Task input
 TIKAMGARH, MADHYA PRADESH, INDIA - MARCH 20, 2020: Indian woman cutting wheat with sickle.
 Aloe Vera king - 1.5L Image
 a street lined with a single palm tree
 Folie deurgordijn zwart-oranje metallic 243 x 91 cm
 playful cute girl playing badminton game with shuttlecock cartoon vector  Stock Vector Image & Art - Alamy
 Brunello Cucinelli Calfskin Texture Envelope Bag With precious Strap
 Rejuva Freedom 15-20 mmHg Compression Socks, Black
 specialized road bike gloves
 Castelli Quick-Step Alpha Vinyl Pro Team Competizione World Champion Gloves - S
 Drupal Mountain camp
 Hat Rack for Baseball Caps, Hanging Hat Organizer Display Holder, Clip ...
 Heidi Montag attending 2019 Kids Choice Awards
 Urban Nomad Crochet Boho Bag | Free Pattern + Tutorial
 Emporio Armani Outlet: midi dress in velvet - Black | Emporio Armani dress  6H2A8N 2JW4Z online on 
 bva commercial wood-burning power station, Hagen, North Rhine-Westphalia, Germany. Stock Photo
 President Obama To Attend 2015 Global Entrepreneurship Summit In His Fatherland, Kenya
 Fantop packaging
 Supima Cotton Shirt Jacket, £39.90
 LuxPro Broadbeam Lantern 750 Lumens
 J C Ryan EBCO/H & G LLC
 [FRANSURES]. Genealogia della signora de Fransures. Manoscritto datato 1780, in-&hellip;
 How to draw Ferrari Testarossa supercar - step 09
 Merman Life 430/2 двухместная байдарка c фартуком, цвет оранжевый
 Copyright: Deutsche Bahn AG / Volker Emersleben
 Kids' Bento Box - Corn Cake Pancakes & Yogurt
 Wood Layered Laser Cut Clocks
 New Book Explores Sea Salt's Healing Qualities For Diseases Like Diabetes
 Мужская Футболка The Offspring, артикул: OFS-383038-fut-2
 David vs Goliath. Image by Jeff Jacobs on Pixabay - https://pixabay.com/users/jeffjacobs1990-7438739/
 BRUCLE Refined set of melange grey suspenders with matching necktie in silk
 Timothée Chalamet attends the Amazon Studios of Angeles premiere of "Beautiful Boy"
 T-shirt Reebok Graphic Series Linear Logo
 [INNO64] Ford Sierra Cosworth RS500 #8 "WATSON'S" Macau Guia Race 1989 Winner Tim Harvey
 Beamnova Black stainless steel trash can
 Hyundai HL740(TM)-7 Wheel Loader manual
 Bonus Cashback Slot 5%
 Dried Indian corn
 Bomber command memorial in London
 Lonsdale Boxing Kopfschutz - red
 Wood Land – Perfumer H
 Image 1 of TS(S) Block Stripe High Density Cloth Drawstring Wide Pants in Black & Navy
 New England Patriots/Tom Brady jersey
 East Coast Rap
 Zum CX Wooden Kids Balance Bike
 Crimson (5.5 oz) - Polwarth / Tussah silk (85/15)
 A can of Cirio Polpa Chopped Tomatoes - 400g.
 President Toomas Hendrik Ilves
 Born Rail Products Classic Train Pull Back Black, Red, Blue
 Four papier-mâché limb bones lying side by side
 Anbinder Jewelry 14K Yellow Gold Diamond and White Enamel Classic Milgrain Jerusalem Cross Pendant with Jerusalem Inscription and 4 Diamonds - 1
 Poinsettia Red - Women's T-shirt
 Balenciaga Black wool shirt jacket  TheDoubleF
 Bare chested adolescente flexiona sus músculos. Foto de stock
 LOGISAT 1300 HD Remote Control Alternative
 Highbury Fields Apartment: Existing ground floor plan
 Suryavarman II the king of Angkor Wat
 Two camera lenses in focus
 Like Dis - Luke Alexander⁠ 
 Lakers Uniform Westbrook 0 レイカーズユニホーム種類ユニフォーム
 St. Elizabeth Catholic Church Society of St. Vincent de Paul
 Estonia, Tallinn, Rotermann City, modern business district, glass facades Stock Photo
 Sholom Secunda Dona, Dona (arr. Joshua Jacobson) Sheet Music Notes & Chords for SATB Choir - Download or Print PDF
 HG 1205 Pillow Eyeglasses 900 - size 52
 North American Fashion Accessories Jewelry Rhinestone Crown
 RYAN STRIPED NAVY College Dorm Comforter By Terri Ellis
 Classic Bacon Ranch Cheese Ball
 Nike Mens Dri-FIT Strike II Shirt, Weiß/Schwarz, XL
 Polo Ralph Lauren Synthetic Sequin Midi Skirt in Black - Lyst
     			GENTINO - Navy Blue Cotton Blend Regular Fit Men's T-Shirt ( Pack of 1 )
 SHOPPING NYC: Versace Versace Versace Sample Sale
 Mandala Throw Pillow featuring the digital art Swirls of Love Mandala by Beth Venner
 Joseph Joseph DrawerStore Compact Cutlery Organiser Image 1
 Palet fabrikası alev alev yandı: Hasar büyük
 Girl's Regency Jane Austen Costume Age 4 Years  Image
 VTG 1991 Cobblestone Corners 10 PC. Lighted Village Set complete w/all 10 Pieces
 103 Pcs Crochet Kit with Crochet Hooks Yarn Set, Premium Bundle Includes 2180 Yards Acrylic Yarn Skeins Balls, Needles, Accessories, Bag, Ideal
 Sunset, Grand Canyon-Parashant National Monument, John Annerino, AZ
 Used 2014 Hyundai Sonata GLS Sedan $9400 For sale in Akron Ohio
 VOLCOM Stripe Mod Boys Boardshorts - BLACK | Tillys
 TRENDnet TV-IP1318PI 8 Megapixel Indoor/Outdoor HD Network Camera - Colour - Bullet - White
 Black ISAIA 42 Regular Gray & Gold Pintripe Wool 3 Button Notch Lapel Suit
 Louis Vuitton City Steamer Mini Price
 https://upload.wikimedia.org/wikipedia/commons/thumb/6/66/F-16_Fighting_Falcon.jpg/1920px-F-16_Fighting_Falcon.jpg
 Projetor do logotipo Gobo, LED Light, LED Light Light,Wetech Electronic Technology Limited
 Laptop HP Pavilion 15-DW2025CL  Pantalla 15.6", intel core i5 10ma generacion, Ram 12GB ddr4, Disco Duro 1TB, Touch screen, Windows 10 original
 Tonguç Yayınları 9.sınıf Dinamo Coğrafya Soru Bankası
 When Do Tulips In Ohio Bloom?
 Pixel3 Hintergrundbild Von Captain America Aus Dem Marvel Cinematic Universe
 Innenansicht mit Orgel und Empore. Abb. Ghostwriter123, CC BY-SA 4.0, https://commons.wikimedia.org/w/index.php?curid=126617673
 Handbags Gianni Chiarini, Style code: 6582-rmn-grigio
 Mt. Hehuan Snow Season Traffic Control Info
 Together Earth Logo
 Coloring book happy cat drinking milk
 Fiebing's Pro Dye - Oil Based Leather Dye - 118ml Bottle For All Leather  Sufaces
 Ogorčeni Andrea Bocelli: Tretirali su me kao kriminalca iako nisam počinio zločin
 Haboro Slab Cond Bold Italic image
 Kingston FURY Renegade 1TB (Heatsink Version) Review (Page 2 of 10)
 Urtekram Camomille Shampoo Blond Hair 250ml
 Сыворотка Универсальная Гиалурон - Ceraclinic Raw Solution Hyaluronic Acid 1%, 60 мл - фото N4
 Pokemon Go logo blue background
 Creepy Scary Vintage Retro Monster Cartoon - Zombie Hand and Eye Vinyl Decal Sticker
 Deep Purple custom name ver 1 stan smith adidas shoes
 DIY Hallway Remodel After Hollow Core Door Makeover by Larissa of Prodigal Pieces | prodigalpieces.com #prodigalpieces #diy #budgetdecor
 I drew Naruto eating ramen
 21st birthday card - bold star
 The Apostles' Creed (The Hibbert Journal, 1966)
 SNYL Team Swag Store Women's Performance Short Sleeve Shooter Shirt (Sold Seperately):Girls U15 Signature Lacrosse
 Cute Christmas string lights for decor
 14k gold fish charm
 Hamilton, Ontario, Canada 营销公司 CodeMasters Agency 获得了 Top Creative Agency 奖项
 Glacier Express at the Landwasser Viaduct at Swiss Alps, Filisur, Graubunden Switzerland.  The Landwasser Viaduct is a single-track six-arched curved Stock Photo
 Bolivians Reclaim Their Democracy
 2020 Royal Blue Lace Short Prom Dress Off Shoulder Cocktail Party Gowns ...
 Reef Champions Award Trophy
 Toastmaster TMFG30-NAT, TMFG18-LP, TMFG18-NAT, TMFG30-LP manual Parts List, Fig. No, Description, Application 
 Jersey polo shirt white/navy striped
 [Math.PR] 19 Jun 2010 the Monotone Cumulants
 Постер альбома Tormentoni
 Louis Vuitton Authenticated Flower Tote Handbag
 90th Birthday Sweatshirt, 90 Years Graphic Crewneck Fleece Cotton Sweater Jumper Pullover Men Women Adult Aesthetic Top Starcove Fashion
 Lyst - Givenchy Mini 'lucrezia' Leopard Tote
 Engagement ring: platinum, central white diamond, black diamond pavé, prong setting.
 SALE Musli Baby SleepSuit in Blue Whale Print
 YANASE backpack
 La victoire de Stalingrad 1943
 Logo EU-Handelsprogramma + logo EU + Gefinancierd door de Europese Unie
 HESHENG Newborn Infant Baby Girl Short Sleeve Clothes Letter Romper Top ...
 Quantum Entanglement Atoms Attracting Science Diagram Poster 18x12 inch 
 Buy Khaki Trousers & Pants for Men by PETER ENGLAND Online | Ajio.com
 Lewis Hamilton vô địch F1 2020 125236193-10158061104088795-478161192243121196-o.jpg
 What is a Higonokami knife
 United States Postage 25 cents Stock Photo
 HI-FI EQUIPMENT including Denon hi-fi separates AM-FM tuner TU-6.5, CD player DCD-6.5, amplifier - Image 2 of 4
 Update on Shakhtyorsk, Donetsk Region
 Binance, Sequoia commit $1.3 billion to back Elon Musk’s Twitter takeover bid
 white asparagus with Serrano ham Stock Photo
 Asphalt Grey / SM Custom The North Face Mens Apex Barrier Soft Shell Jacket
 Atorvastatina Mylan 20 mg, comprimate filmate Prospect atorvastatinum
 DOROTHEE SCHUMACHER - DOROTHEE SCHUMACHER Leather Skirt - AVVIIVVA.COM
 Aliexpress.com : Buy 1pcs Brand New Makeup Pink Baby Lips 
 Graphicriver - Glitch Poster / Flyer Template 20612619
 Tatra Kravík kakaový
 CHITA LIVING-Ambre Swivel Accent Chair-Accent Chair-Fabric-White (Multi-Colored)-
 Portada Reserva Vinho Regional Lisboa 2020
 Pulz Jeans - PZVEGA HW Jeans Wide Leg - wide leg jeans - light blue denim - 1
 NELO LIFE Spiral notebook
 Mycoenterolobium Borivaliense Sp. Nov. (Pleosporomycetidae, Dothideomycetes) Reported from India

Try it
From the records above, copy only the lines starting with the line that holds "La victoire de Stalingrad 1943" and going on through the line that holds "Tatra Kravík kakaový", exactly as written.

Solution
 La victoire de Stalingrad 1943
 Logo EU-Handelsprogramma + logo EU + Gefinancierd door de Europese Unie
 HESHENG Newborn Infant Baby Girl Short Sleeve Clothes Letter Romper Top ...
 Quantum Entanglement Atoms Attracting Science Diagram Poster 18x12 inch 
 Buy Khaki Trousers & Pants for Men by PETER ENGLAND Online | Ajio.com
 Lewis Hamilton vô địch F1 2020 125236193-10158061104088795-478161192243121196-o.jpg
 What is a Higonokami knife
 United States Postage 25 cents Stock Photo
 HI-FI EQUIPMENT including Denon hi-fi separates AM-FM tuner TU-6.5, CD player DCD-6.5, amplifier - Image 2 of 4
 Update on Shakhtyorsk, Donetsk Region
 Binance, Sequoia commit $1.3 billion to back Elon Musk’s Twitter takeover bid
 white asparagus with Serrano ham Stock Photo
 Asphalt Grey / SM Custom The North Face Mens Apex Barrier Soft Shell Jacket
 Atorvastatina Mylan 20 mg, comprimate filmate Prospect atorvastatinum
 DOROTHEE SCHUMACHER - DOROTHEE SCHUMACHER Leather Skirt - AVVIIVVA.COM
 Aliexpress.com : Buy 1pcs Brand New Makeup Pink Baby Lips 
 Graphicriver - Glitch Poster / Flyer Template 20612619
 Tatra Kravík kakaový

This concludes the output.